The Southern Baptist Convention’s health and financial benefits entity has filed a putative class-action lawsuit against the health care reform law’s contraceptive mandate on behalf of church plans.
The suit contends the religious liberty of the organizations covered by GuideStone Financial Resources (which arranges health coverage and retirement benefits for clergy and others) is violated by the mandate requiring employers to pay for contraceptives and drugs they say cause abortions. The lawsuit (Reaching Souls Int’l et al., v. Sebelius) cites 16 counts, including violations of the First Amendment’s free exercise and establishment clauses and the 1993 Religious Freedom Restoration Act.
It was filed on Oct. 11 at the U.S. District Court in Oklahoma City. Joining GuideStone in the suit are Oklahoma City-based Reaching Souls International and Truett-McConnell College in Cleveland, Ga.
The suit seeks a preliminary injunction blocking enforcement of the mandate until the judicial process is complete. The mandate, based on final rules issued June 28, 2013 (78 Fed. Reg. 39870), will take effect Jan. 1, 2014.
“GuideStone plans do not cover drugs or devices that can or do cause abortions,” GuideStone President O.S. Hawkins said in a written release on Oct. 14.
Drugs covered by the reform mandate include Plan B and other “morning-after” pills that possess a post-fertilization mechanism that prevents implantation of embryos.
The administration “wants to tell us that we not only have to provide [abortifacients], but without cost to anybody that wants them,” Hawkins said on Sept. 16.
The complaint was raised in opposition to the mandate and what it calls its lack of adequate conscience protections for religious employers.
The groups note that church plans are left out of exemptions that grandfathered health plans and religious organizations are entitled to.
[The plaintiffs’] religious beliefs forbid them from participating in the government’s scheme to provide abortion-inducing drugs and devices. Yet the government refuses to exempt Reaching Souls and Truett-McConnell as “religious employers.”

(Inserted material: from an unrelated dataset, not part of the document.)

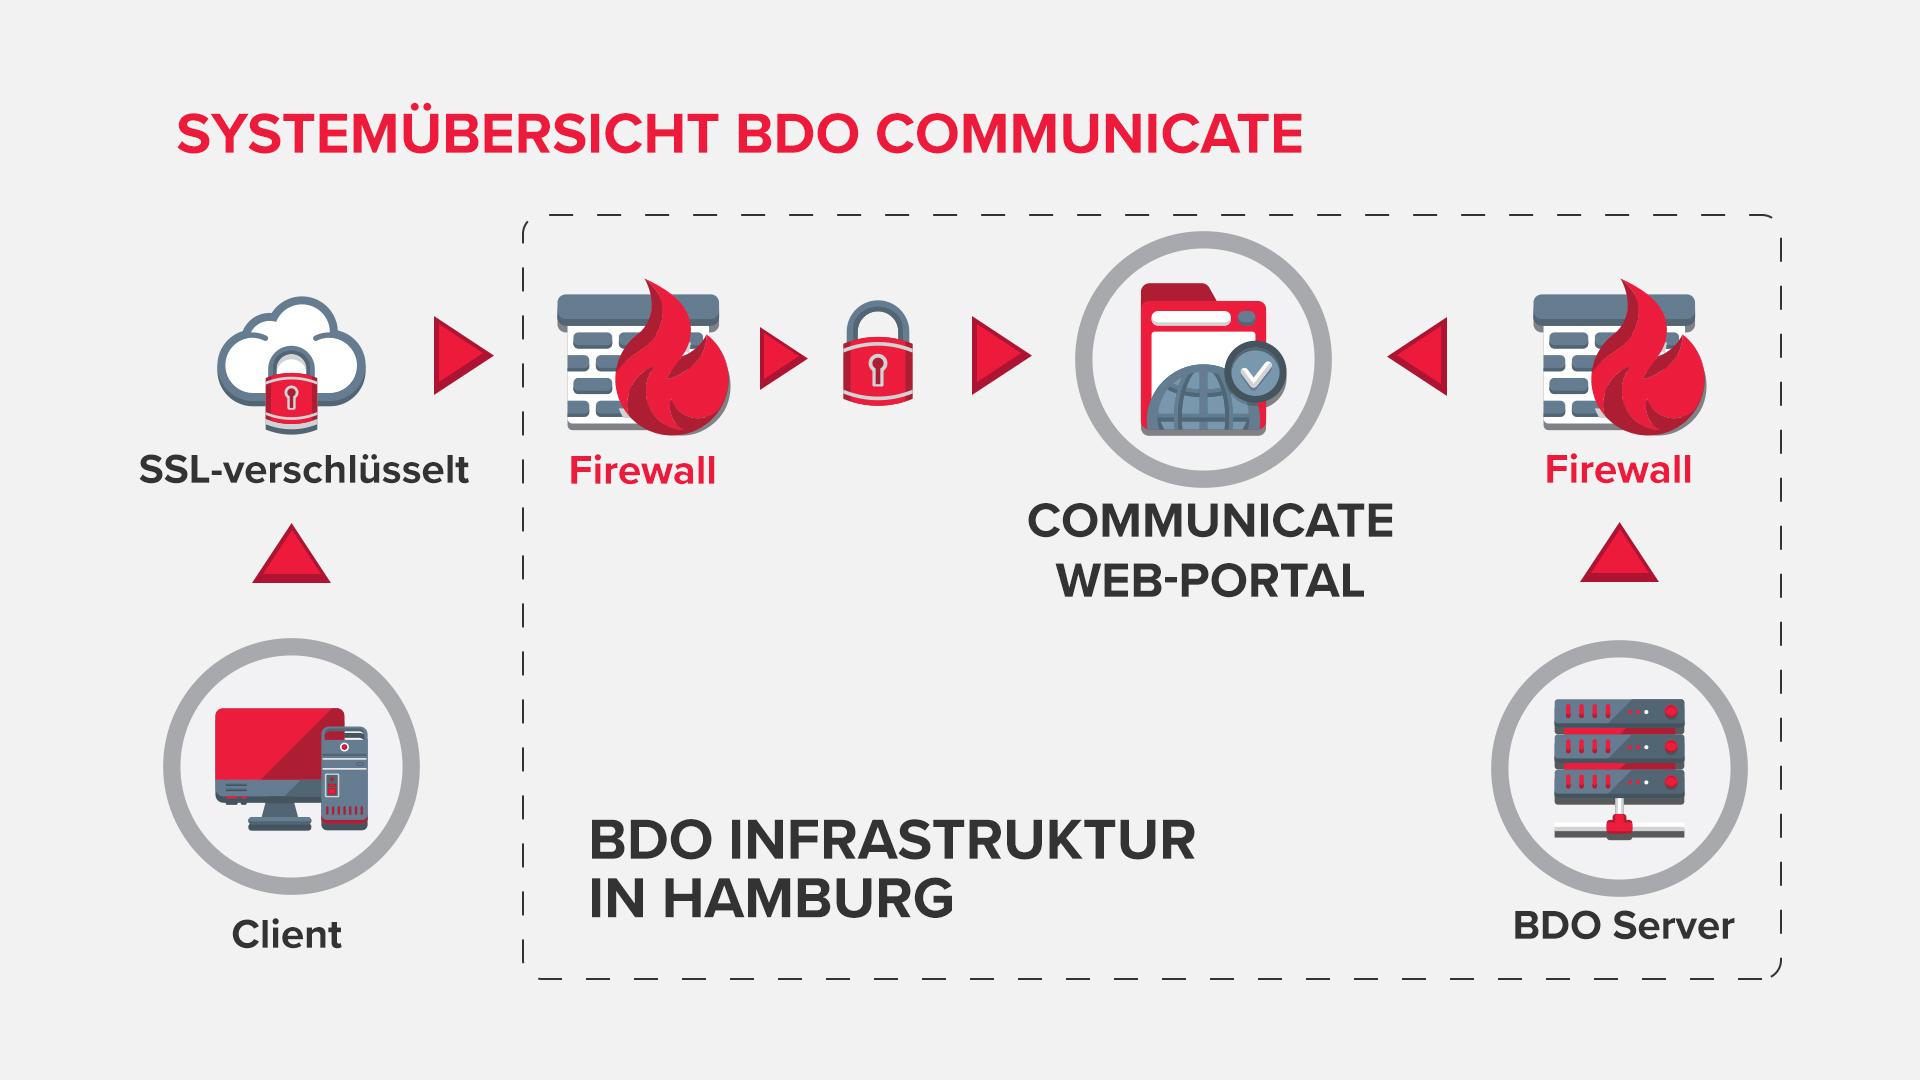 Systemübersicht BDO Communicate

More than 1 million pastors and church workers depend on church plans for their health benefits, the lawsuit says.
“We reluctantly take this step because we are committed to protecting the unborn and preserving the religious freedom that is guaranteed under the laws of this nation,” he said.
In a related development, Sen. Mark Pryor, D-Ark., cosponsored the Church Health Plan Act (S. 1164), which would help church health plans regain some protections lost under the health care reform law.